Witnesses to Our Lives
There’s something special that exists with reconnecting with your “old school” friends. These are friends that go way back to your youth: from grade school, high school, and your twenties. Despite the fact that it may have been years since you spoke, sometimes when you reconnect it may feel like no time has passed. It’s like a time capsule. These people were witnesses to your life before. If you want to excavate and dust off what once was, spend some time with them. Your memory will be triggered.
When we were young, it’s easy to stay connected. People then get engaged, married, then have children. We receive the invitations to these events and attend the accompanying ceremonies. But then there are no more official and formal excuses to stay in touch, and we begin to drift apart. Now that I am nearing 40, the odd time that I may hear from an old friend is when people die. People who once were in your circle of friends, one by one die.
When I see these old pals, I am transported back to the age that I was when we were emotionally close. It’s as if the fountain of youth that truly exists. It’s unbelievable that my 20 year high school reunion occurred last year. Internally, I am still 21 years old.
Although there may have been fall outs and mishaps with our friends, the more time passes, there is this realization that life is too short for pettiness. This is the gift that death gives us.
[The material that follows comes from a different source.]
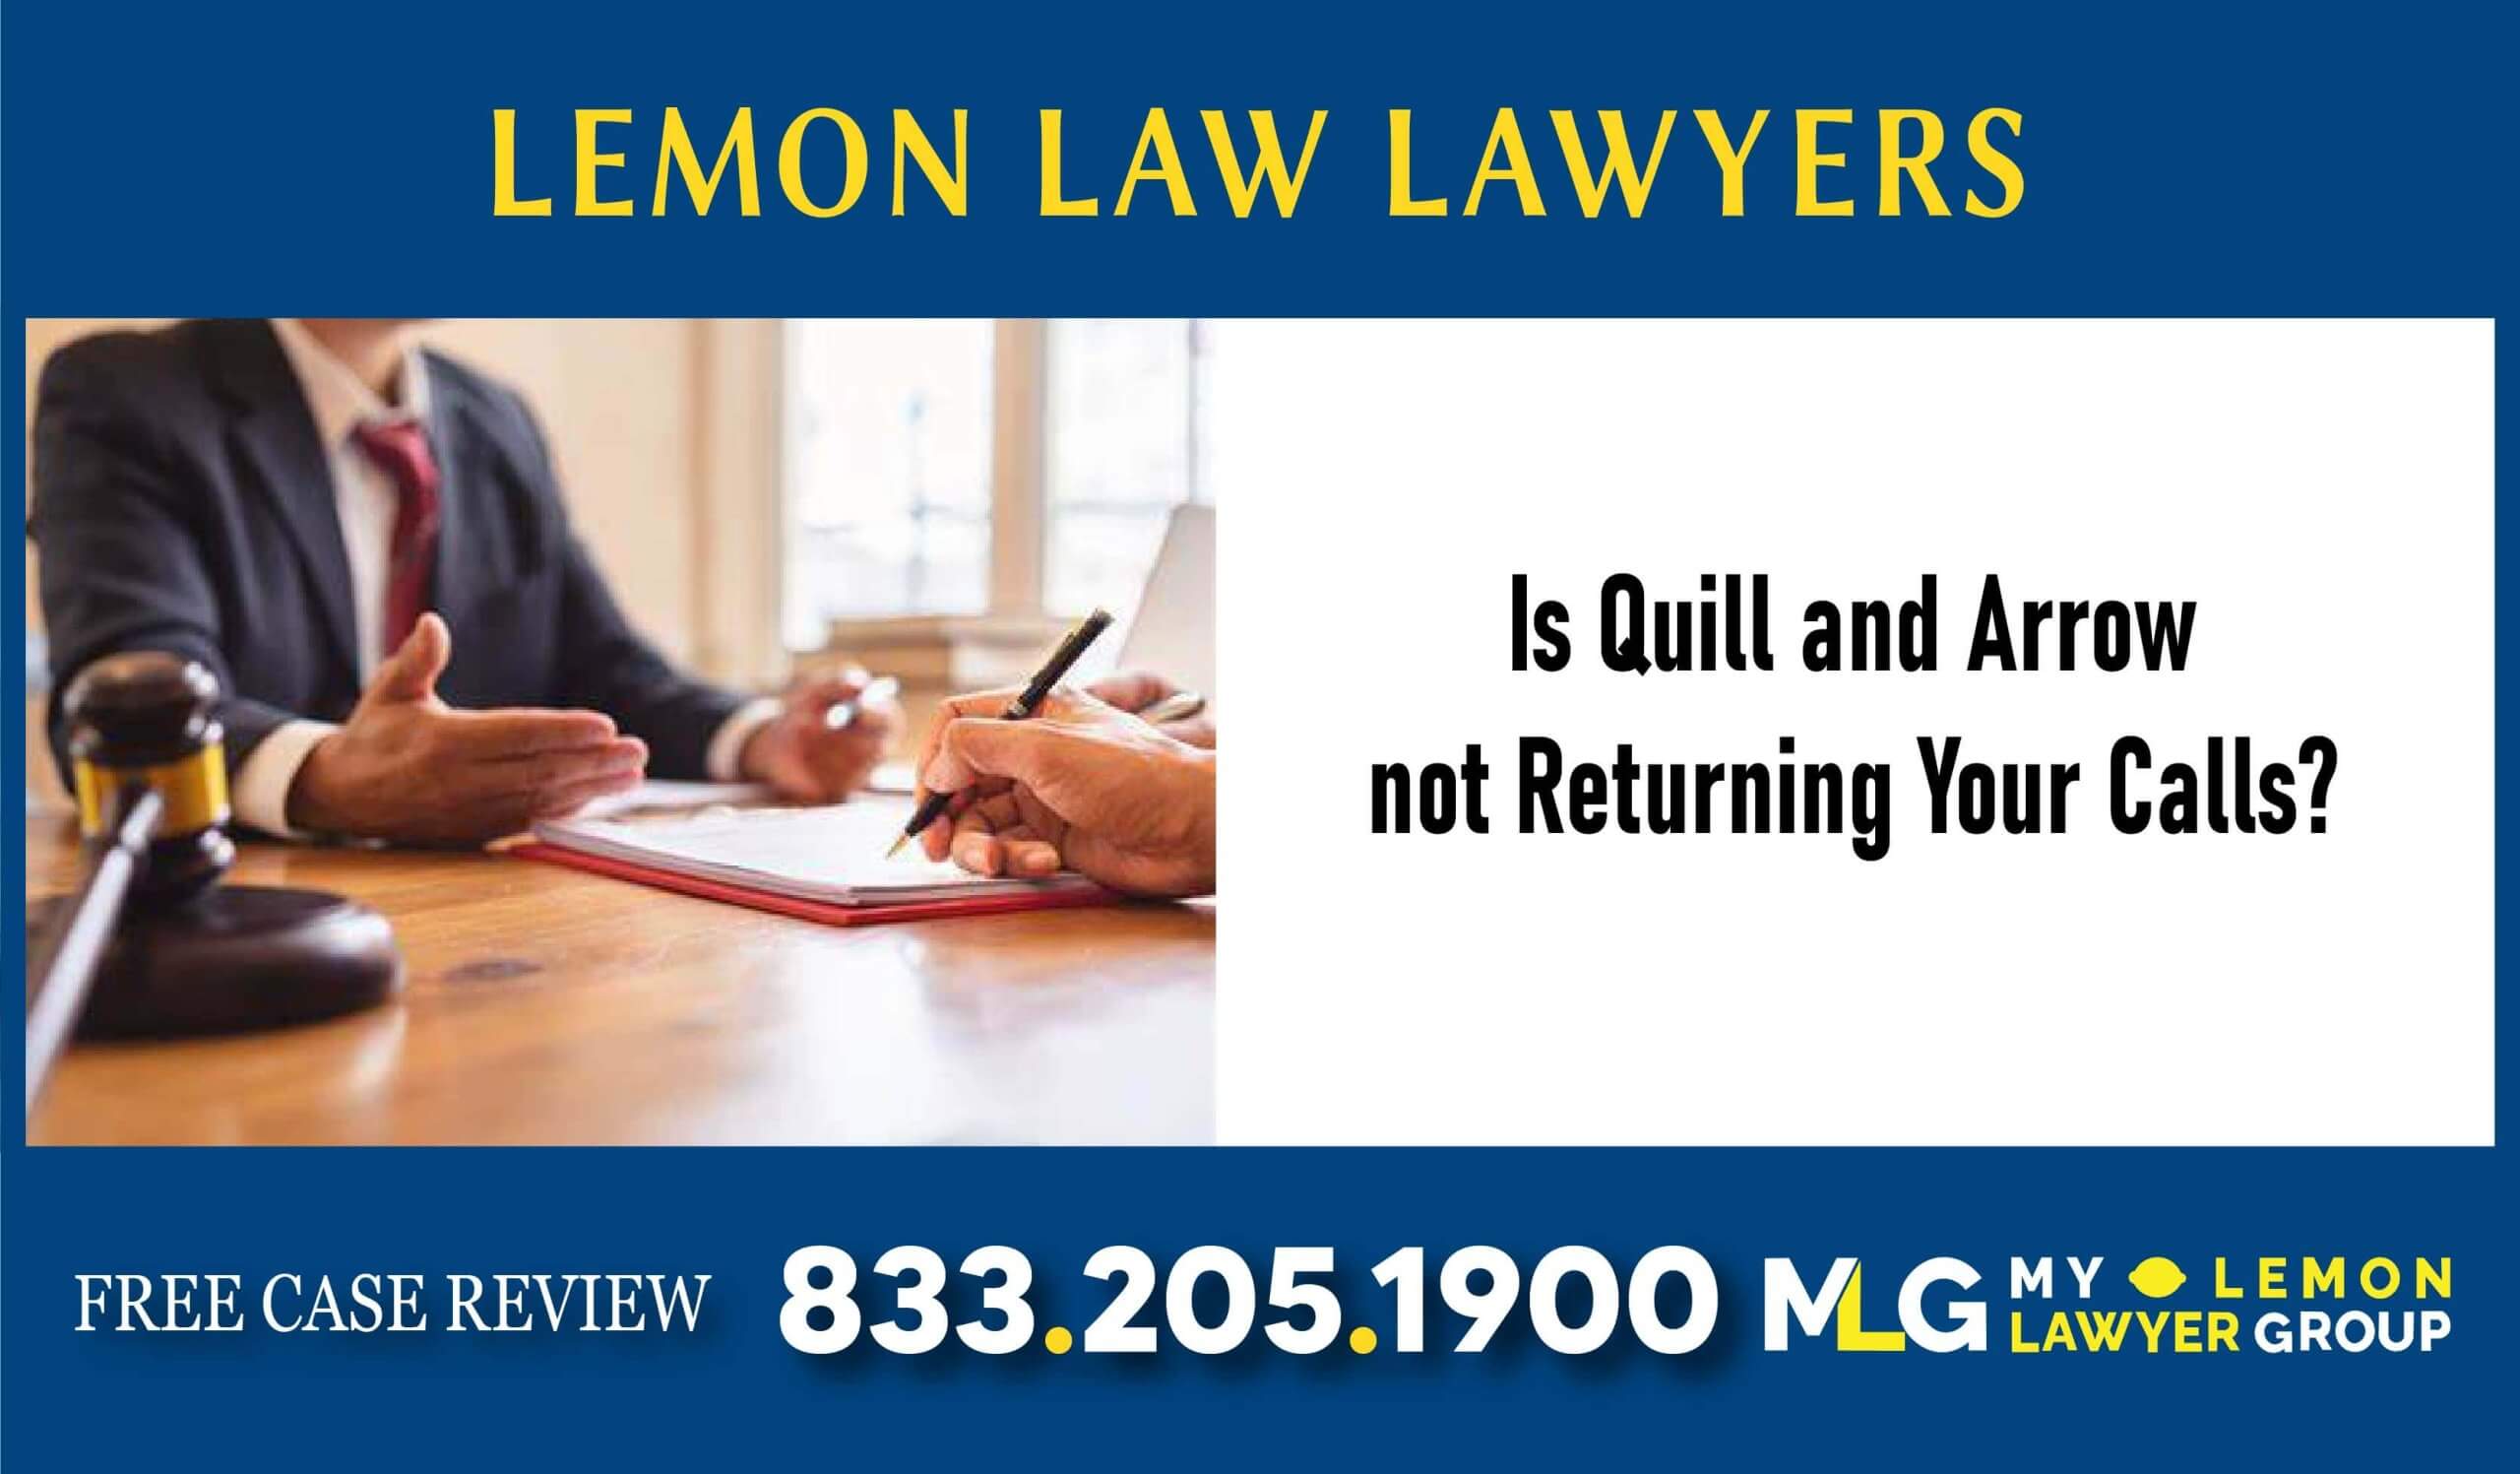 Is-Quill-and-Arrow-not-Returning-Your-Calls--Contact-Us-for-a-Free-Second-Opinion-of-Your-Lemon-Law-Case

It’s a reminder that we should live fully. Life is too precious to harbor anger or resentment, or past dramas. Comparatively it’s true that we can’t keep everyone in our life at the same capacity, there is something special with old friends. They remember you when you had your first kiss, crush, or boyfriend. They remember and were present at graduations, and maybe even know your family pets who have long since been deceased. They remember. You don’t have to live out that memory in your head, questioning what was real. You can discuss it and share reflections together.
I was at a presentation recently given by acclaimed psychiatrist Dr. Irvin Yalom who began reflecting on his life. He shared particular memories of his 6 friends from medical school who he ditched anatomy lab with and would play bridge. Several of them died within several months of each other recently. His encouraged Yalom to google two of the remaining crew to see how he could connect. Google informed him the other two had died. Yalom had the realization that he was now the holder of all of these specific memories. He began to question what happens to those memories, when all that were present have now become deceased? There was no body left to be the vessel to store these experiences. Would they expire after the last member of the group took his last breath?
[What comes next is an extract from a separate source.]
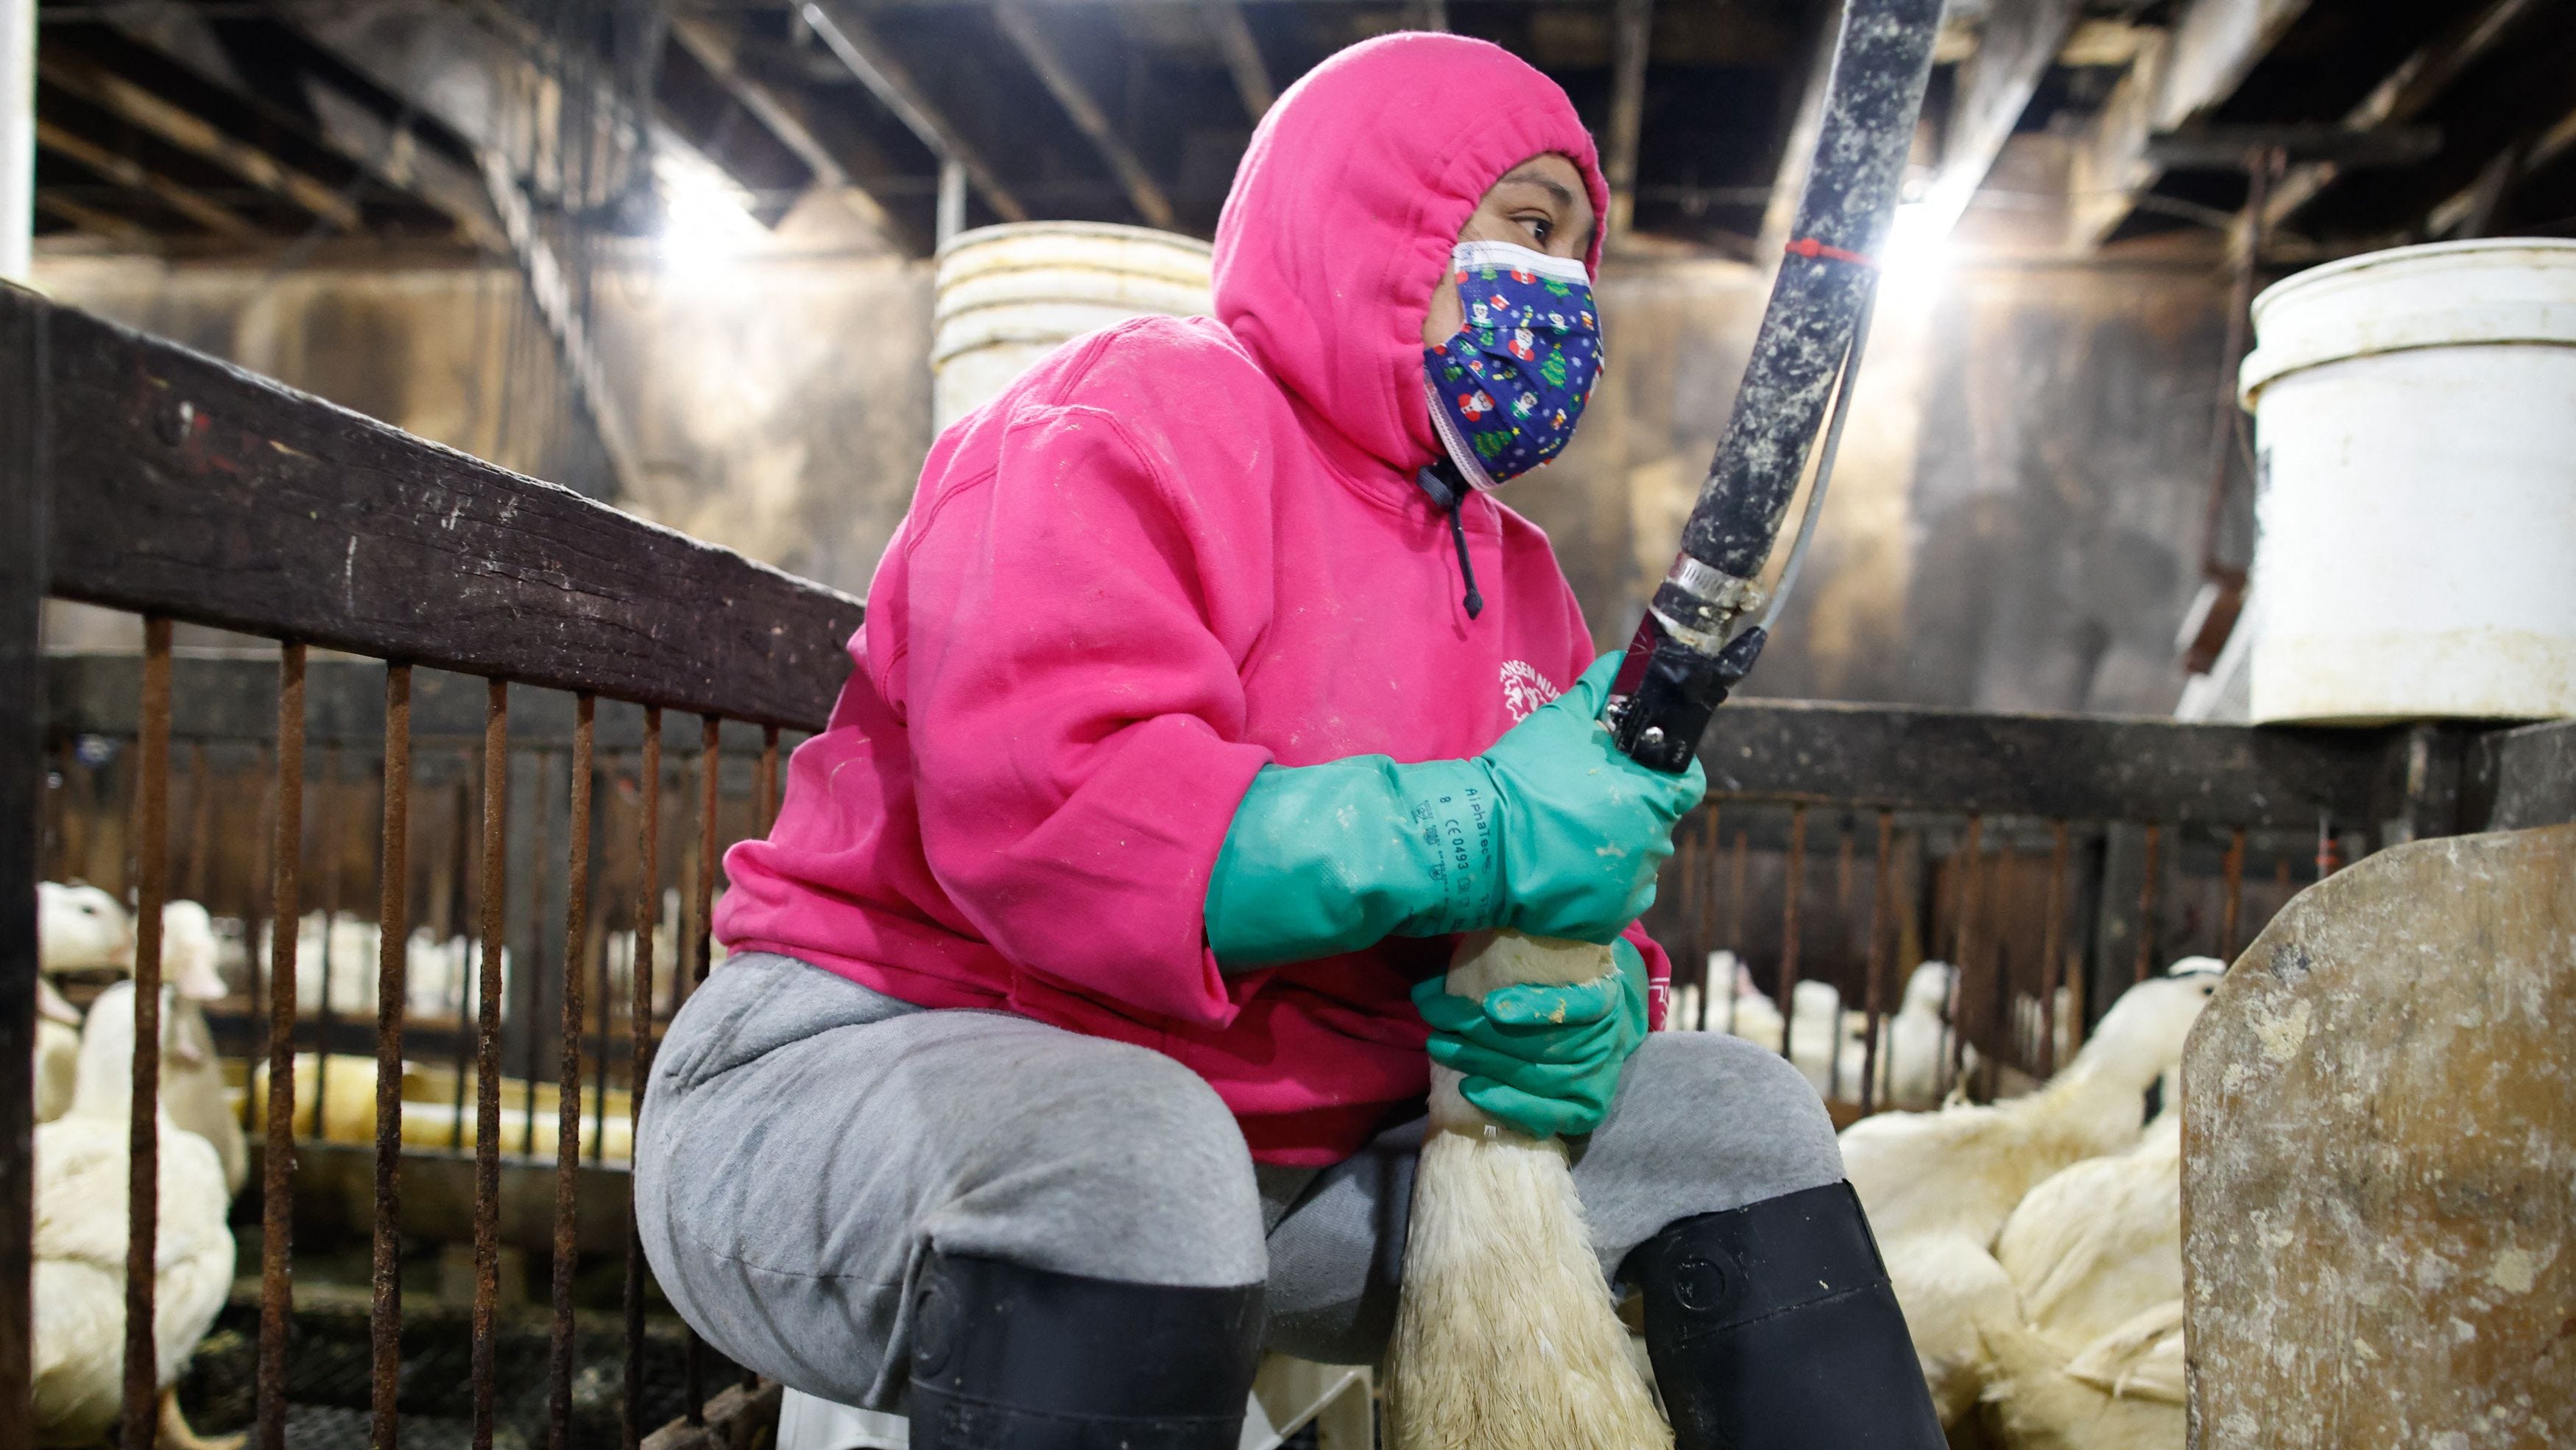 An employee feeds ducks at Hudson Valley Foie Gras in Ferndale, New York, on March 3, 2023.

The gift of death is the reminder to live. I do not need another notification of a deceased friend to keep this in the forefront of my brain. The question becomes how am I living my values? Can I keep those who were witnesses to my life close at hand? We currently still are living vessels that store these memories, and have the capacity to share them with each other. I don’t need to live in the past, but it’s good to know while we are all alive I can visit it when needed.